The glowering and barking woman at the gate at Datong Station at midnight was exactly like Cerberus. Three minutes before the Lanzhou train pulled out she slammed the entry gate and padlocked it, leaving a group of soldiers and many other latecomers clinging to the bars and making them miss their train. As a further indignity she switched off the overhead lights of the ticket barrier and left us all in the dark. She would not let me through until the Peking train pulled in. And then she slammed the gate again and made more latecomers watch while I boarded. It is not merely unbending; there is often a lot of sadism in bureaucracy.

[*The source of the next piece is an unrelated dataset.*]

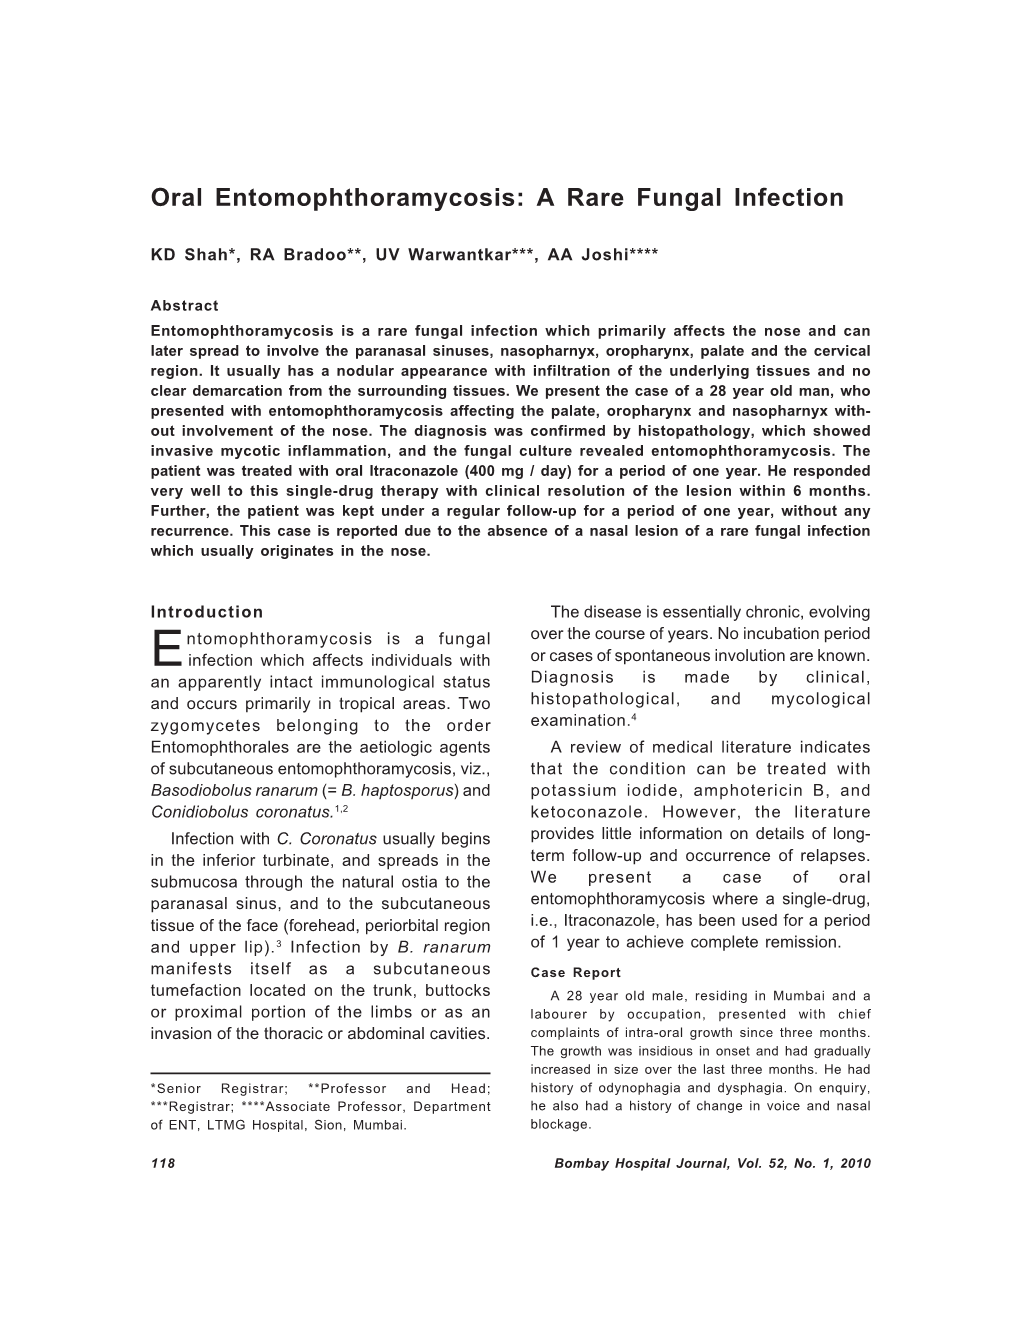 Oral Entomophthoramycosis: a Rare Fungal Infection

It was almost midnight. I found my berth in the sleeping car and, ignoring the other occupants (was one a woman?), went to bed. At 5:30 in the morning, Chinese bureaucracy rose up again and flung the door open, switched on the lights and demanded the blankets and sheets. I turned over, trying to return to my dream—tacking in a light breeze across Lewis Bay. The sleeping-car attendant in a white pastrycook's hat and apron dug her fingers into my hip and yelled at me to get up.

"The train doesn't arrive until seven-fifteen!"

"Get up and give me the bedding!"

"Let me sleep!"

A young man sitting on the berth opposite said to me, "They want you to get out of bed. They are folding the sheets."